Ex Brambilla, la sentenza di fallimento dopo il pressing dei creditori dell’azienda

Istanze per decine di milioni di euro. Impossibile prorogare il concordato di Agnese Pini

Le ex Trafilerie Brambilla (Carini)

Le ex Trafilerie Brambilla (Carini)

Lecco, 1 ottobre 2014 - Mancavano le garanzie necessarie. Le carte da mettere agli atti di cui un tribunale ha bisogno per fare le necessarie valutazioni e dare ancora fiducia a un’impresa in crisi. Soprattutto, non c’era più tempo: troppi rinvii già accordati dai giudici, uno sforamento di oltre due mesi rispetto alle procedure standard. Mentre i creditori premevano con istanze sempre più urgenti. I creditori e la Procura. Parliamo di insolvenze per decine di milioni di euro. Sono queste, in buona sostanza, le motivazioni che hanno portato il tribunale di Lecco a dichiarare il fallimento delle ex Trafilerie Brambilla.
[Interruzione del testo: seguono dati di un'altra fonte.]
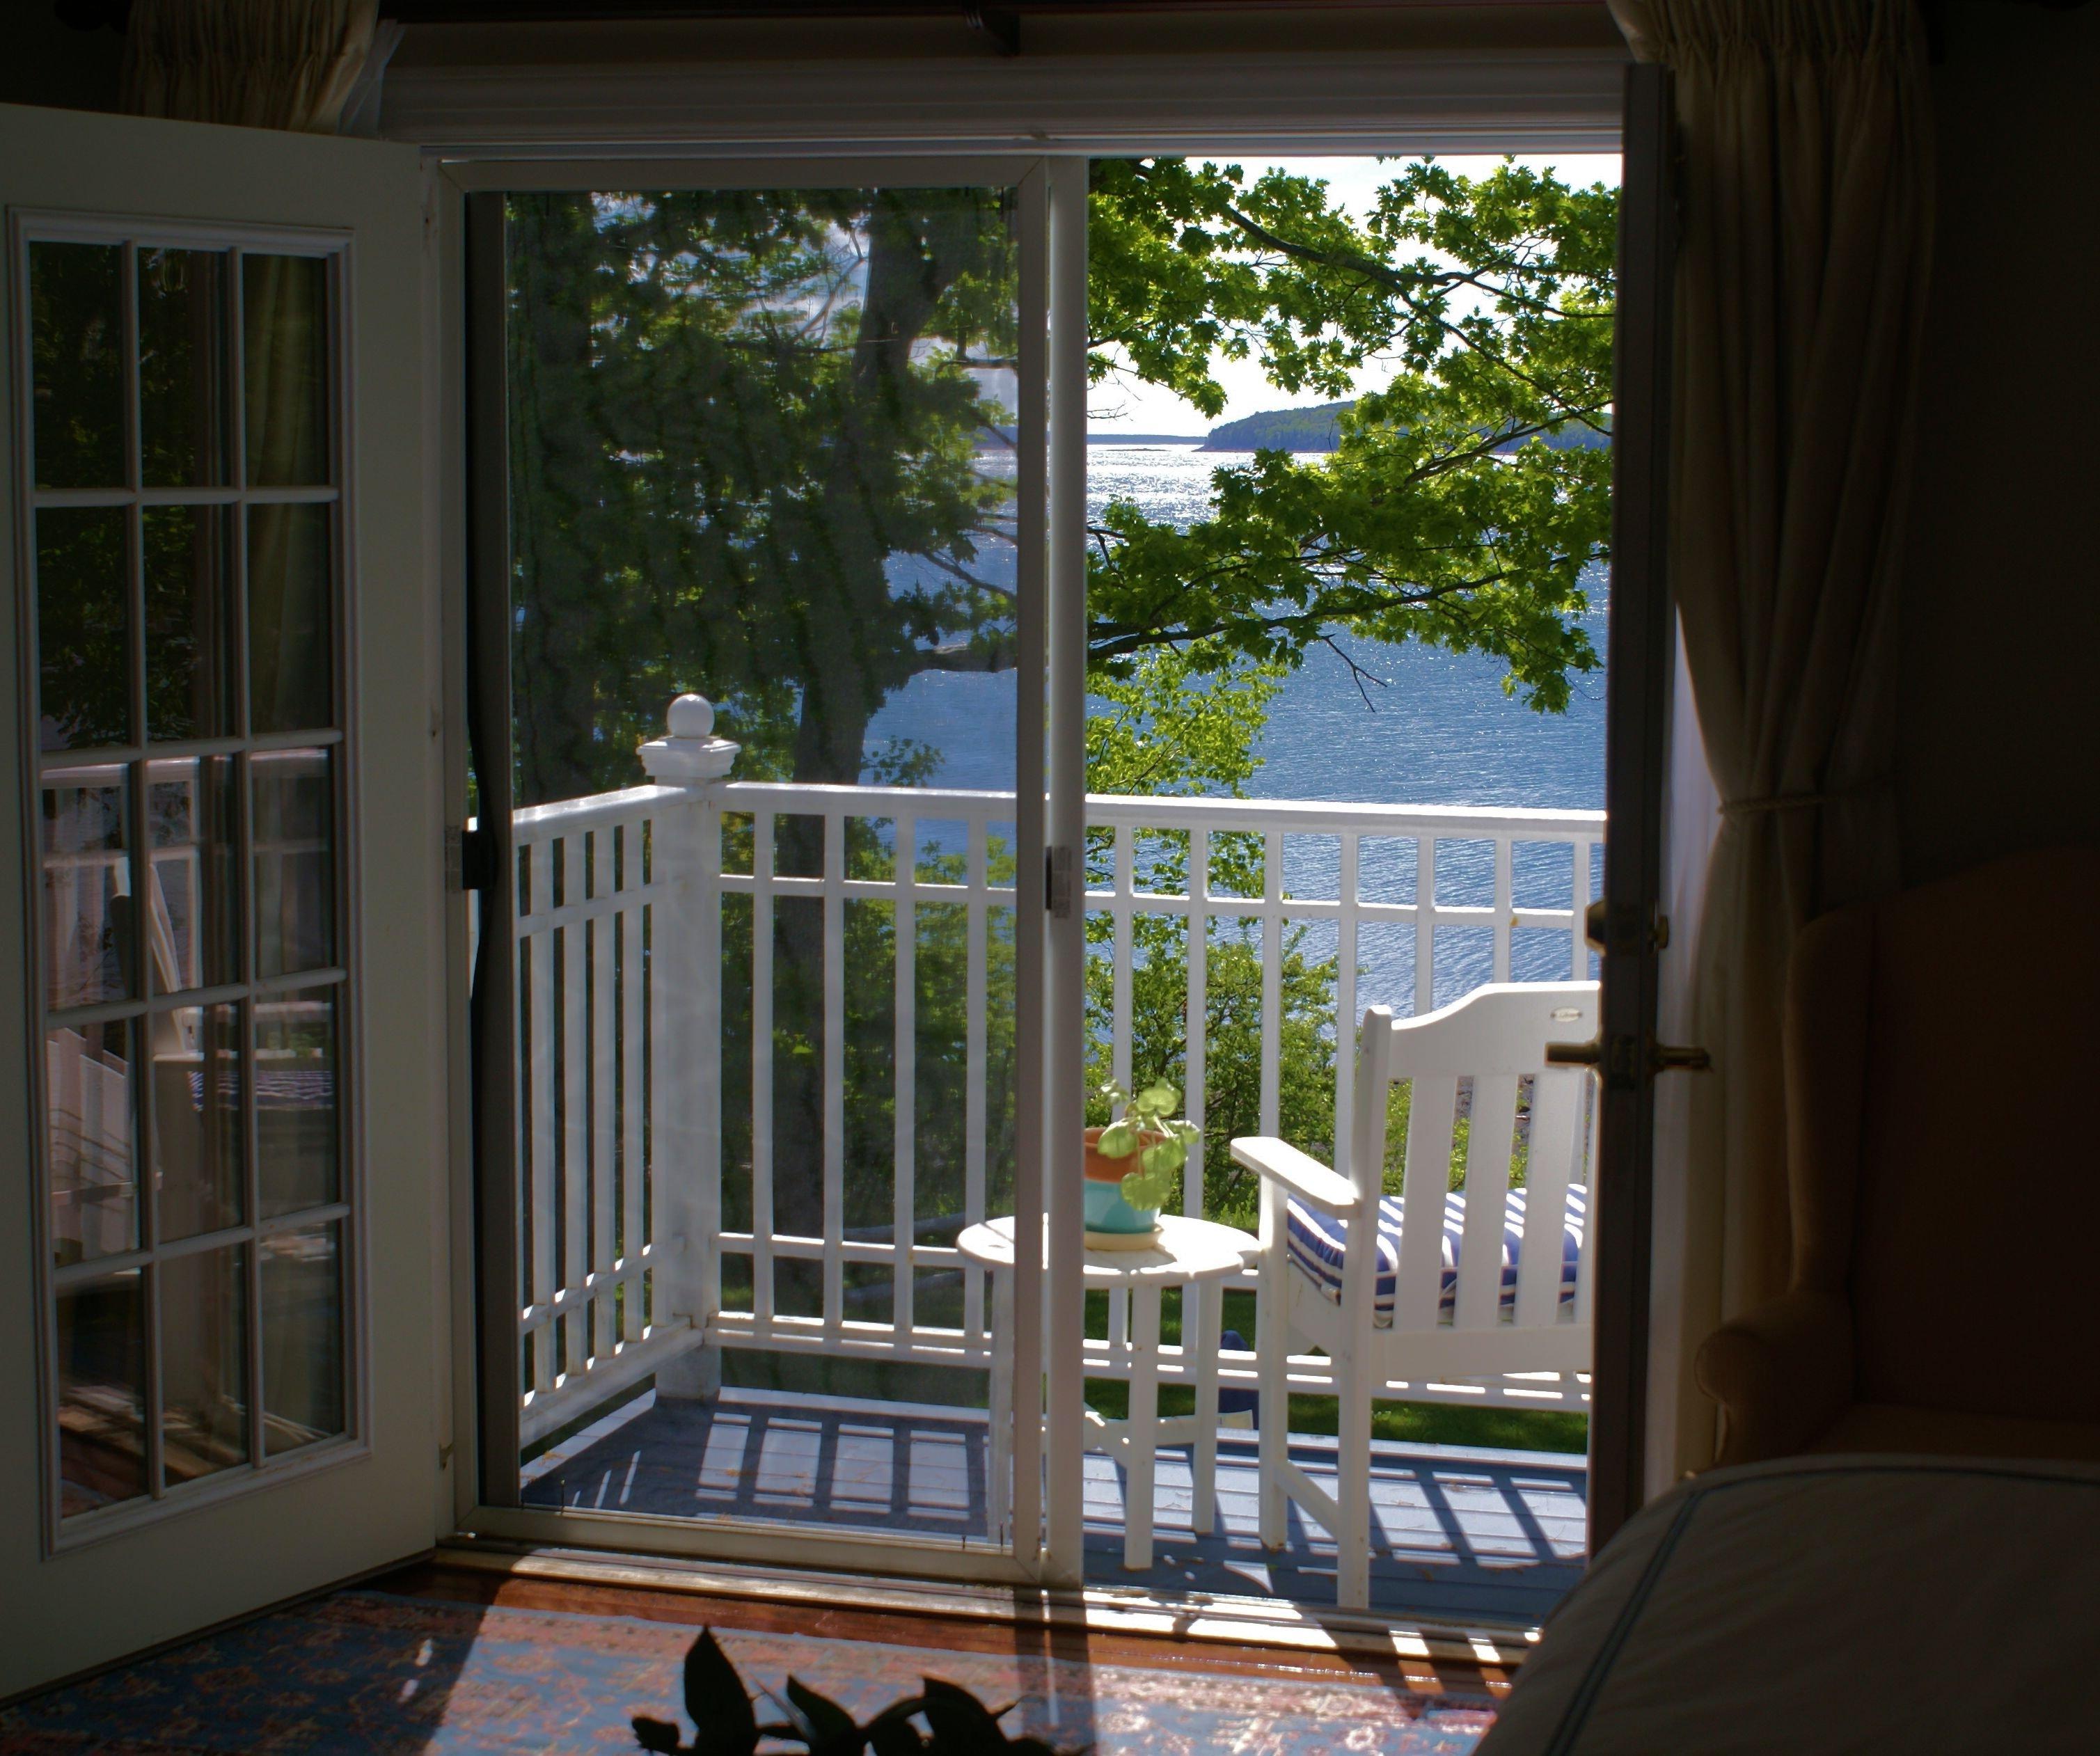 Mater Bedroom deck. Ocean view of North Atlantic.

Lunedì la sentenza. Immediati i suoi effetti nella fabbrica già tristemente spoglia, così come appariva ieri a 24 ore dalla doccia gelata. Il primo a essere fatto sparire dalla direzione è stato il busto del commendator Brambilla. Se ne stava da sempre davanti all’ingresso di quelle che furono le sue Trafilerie nate agli albori del secolo scorso, anni in cui Calolziocorte scopriva a pieno la sua vocazione industriale. Acciaio, metalmeccanica. Sciur Giuseppe è scomparso a metà del pomeriggio di lunedì, portato via a camionate insieme a quel che si trovava nei magazzini svuotati in tutta fretta, sotto gli occhi lucidi e ancora increduli della ventina di operai in turno che da poche ore — la notizia era arrivata verso le 12,30 — avevano scoperto il destino della loro azienda: fallimento, per l’appunto. Ovvero il «no» del tribunale alla richiesta di proroga del concordato preventivo presentato dall’impresa della ex ministra Michela Vittoria Brambilla.
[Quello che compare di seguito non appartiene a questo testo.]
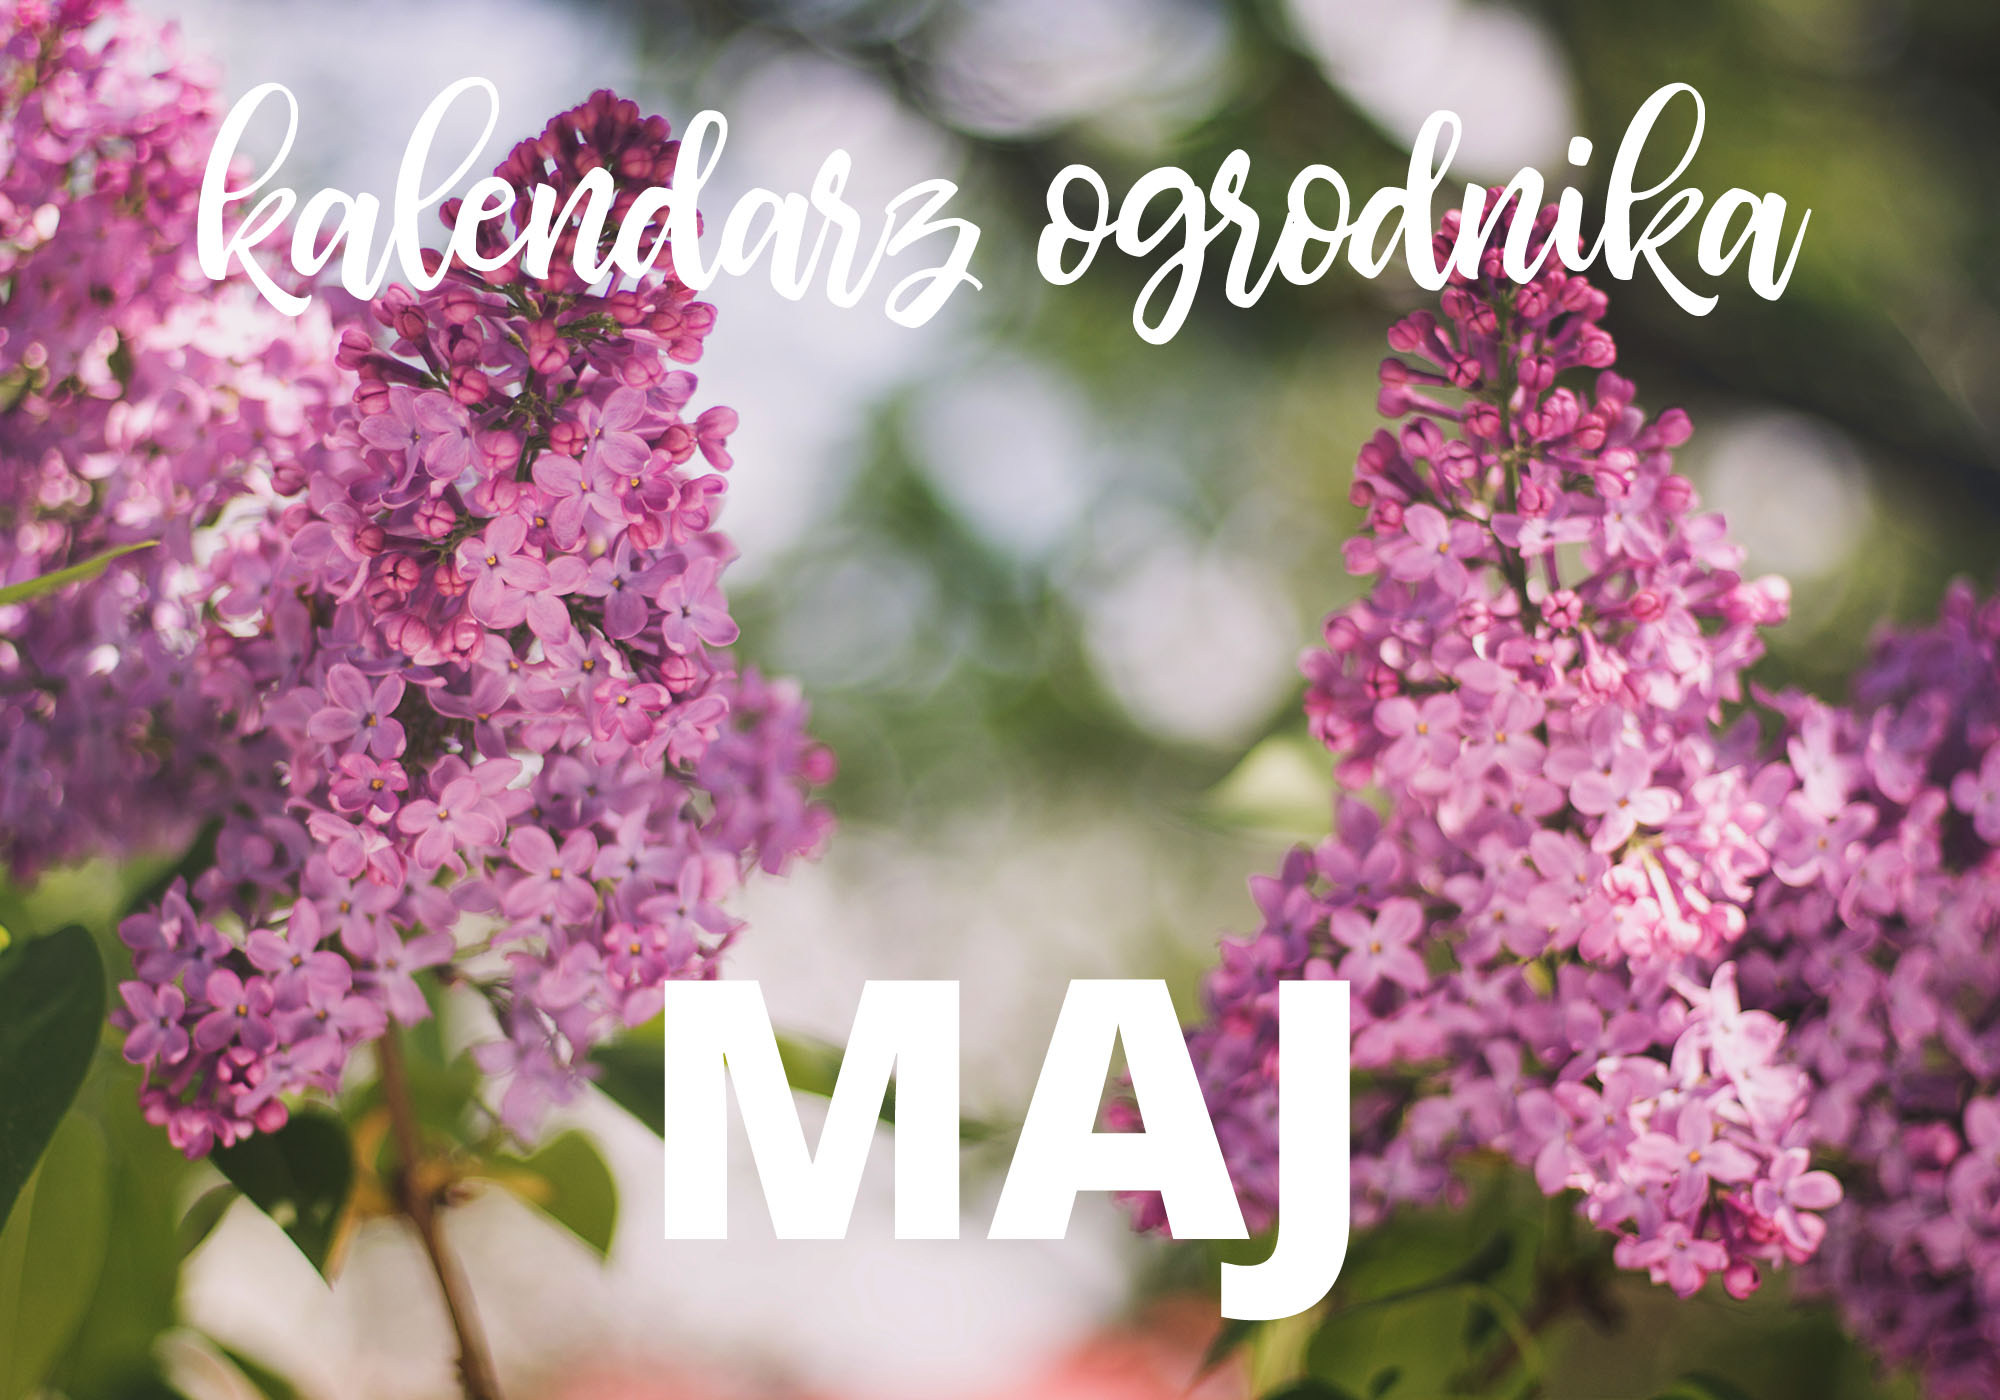 Kalendarz ogrodnika – maj

A sentire i protagonisti di questa triste storia imprenditoriale — lavoratori, sindacati, amministratori — nessuno si aspettava il verdetto. Perché «tutto era stato fatto» per chiudere il risiko dell’accordo con il colosso turco Dogan, che dalla primavera scorsa si era detto pronto ad acquisire l’impianto. Pronto, sì. Ma a condizioni pesantissime: riduzione dell’organico (da 70 a 52) e riduzione del 40% dello stipendio. Una sassata. Alla fine gli operai avevano dato l’assenso: «Accettiamo i sacrifici pur di salvare l’azienda». Insomma, meglio i turchi del fallimento. La partita con le maestranze, che aveva fatto sputare sangue, si era risolta mercoledì scorso. E insomma, «il grosso sembrava sistemato», commenta Diego Riva, Fiom. Bastava giusto una proroga da parte del tribunale «per mettere a punto i dettagli». Invece evidentemente qualcosa, al di là delle belle speranze, non è andata come avrebbe dovuto. Troppo tempo passato, troppi rinvii accordati, e ancora non c’erano abbastanza garanzie di riuscire chiudere davvero questa mano di poker imprenditoriale. Almeno, non c’erano abbastanza garanzie messe nero su bianco. Per convincere i giudici e tenere buoni i creditori e le loro richieste milionarie. E i turchi? Pare che restino ancora in gara. Del resto un’azienda fallita si compra a minor prezzo. Con gli operai che nel frattempo si erano pure già ridotti di numero, e avevan scelto di farsi dimagrire lo stipendio. Ma il futuro è un altro risiko. Per il momento, davanti ai cancelli delle ex gloriose trafilerie, resta solo tanta amarezza.